Охотничьи рассказы и очерки Аксакова полны не только поэзии, но и глубокой мысли. Наблюдательность и память писателя помогают осмыслить богатство и бесконечное многообразие природы, убеждают в неодолимой силе человека. Один из современных Аксакову беллетристов, касаясь впечатления, произведенного на него «Записками ружейного охотника», писал автору: «Мой взгляд на природу, которую я так страстно люблю, изменился вследствие чтения Вашей книги; вместо сухих, хотя ярких картин теперь я вижу в ней еще движение, смысл, слышу биение сердца этих токующих в сумраке и благоухании лесов, этих влажных топей, над которыми взлетывают Ваши кулички и вальдшнепы!»[22]
В охотничьей трилогии Аксакова изображались не только рыбы и пернатые. Ее подлинным лирическим героем был человек, сам автор. И речь идет не о том бесплотном герое, который «подразумевается» в иных произведениях. Нет, это реальный человеческий образ, во плоти и крови. И мы невольно поддаемся обаянию человека, не коленопреклоненно опустившегося перед таинствами природы, но неутомимо стремящегося проникнуть в ее святая святых. Мысль о безграничном богатстве природы и вместе с тем гордость за то, что это богатство находится во власти людей, – вот та идея, которая лежит в основе художественной позиции Аксакова – следопыта, исследователя природы и ее вдохновенного певца.
Глубоко был прав Тургенев, заметивший, что охотничьи книги Аксакова обогащали не только охотничью литературу, но и «общую нашу словесность».
В начале 50-х годов Аксаков задумал издание «Охотничьего сборника». Имелось в виду сделать его ежегодным альманахом и привлечь к участию в нем обширный круг литераторов и охотников. Вместе с соответствующим ходатайством Аксаков представил в Московский цензурный комитет подробно разработанную «Программу Охотничьего сборника». 20 марта 1853 года на заседании цензурного комитета рассматривался этот вопрос, и ходатайство было отклонено.[23]
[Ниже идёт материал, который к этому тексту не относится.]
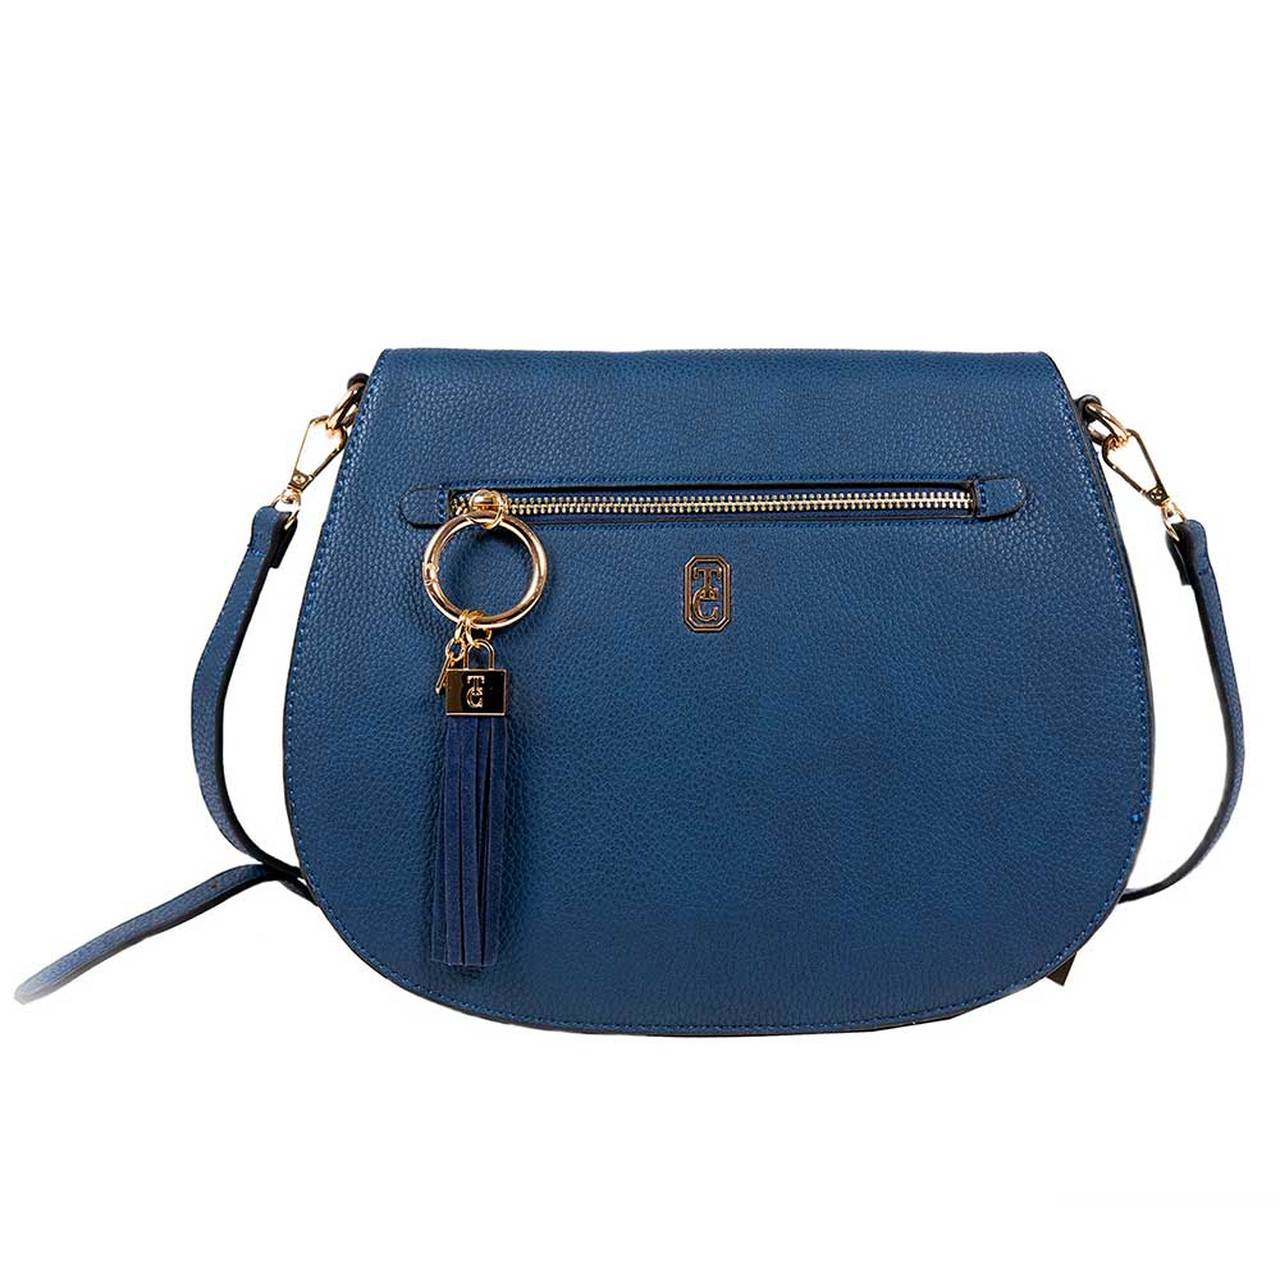 Tipperary Crystal Savoy Large Satchel Bag Navy  This stylish new addition to our bag collection is proving to be very popular, with an outside zip compartment the Savoy bag is stylish and functional.

Чем объяснялось это решение? Оказывается, что на том же заседании цензурного комитета было оглашено высочайшее повеление по делу Ивана Аксакова в связи с представленным им к печати вторым томом «Московского сборника». Сборник этот был запрещен. Редактора И. Аксакова, не оправдавшего «доверенности правительства» при издании первого сборника (М. 1852), а также при подготовке к печати второго, – лишали «права быть редактором какого бы то ни было издания». Ряд материалов, предназначенных к публикации во втором сборнике, был признан «предосудительным», в их числе – «Отрывок из воспоминаний молодости», С. Т. Аксакова.[24]
Узнав о неблагоприятном решении Московского цензурного комитета об «Охотничьем сборнике», С. Т. Аксаков решил обжаловать его перед Главным управлением цензуры в Петербурге. Жалоба была поддержана давнишним другом Аксакова по казанской гимназии, занимавшим в то время влиятельный пост министра финансов, А. Княжевичем. После долгих размышлений Главное управление приняло предварительное постановление: разрешить Аксакову издание упомянутого сборника и возбудить через товарища министра народного просвещения ходатайство о «высочайшем соизволении».
И, однако же, издание «Охотничьего сборника» в конце концов не было разрешено. Почему? Истинная подоплека была неизвестна даже самому Аксакову. Только теперь эта загадка может быть вполне раскрыта.
7 сентября 1853 года товарищ министра народного просвещения Норов обратился к управляющему III Отделением Л. Дубельту с секретным письмом, в котором извещал его о предстоящем ходатайстве перед царем в связи с делом С. Т. Аксакова и о том, что «встречается ныне надобность знать о личности г. Аксакова, в особенности потому, что фамилия его напоминает некоторых писателей, сделавшихся уже известными неблагонамеренным направлением своих сочинений по поводу издания „Московского сборника“». Норов просил сообщить, не имеется ли в распоряжении III Отделения каких-либо компрометирующих С. Т. Аксакова сведений.
На этой бумаге появилась короткая, но выразительная резолюция Дубельта: «По неблагонамеренности г-на Аксакова едва ли можно ему дозволить быть издателем какого бы то ни было журнала».[25]
Одновременно в канцелярии III Отделения была подготовлена специальная справка о личности С. Т. Аксакова, в которой между прочим значилось, что Аксаков «известен III Отделению с 1830 года».
Через несколько дней после получения письма Норова Дубельт отправил ответ, содержание которого оказалось полной неожиданностью для министерства просвещения и повергло его в смятение.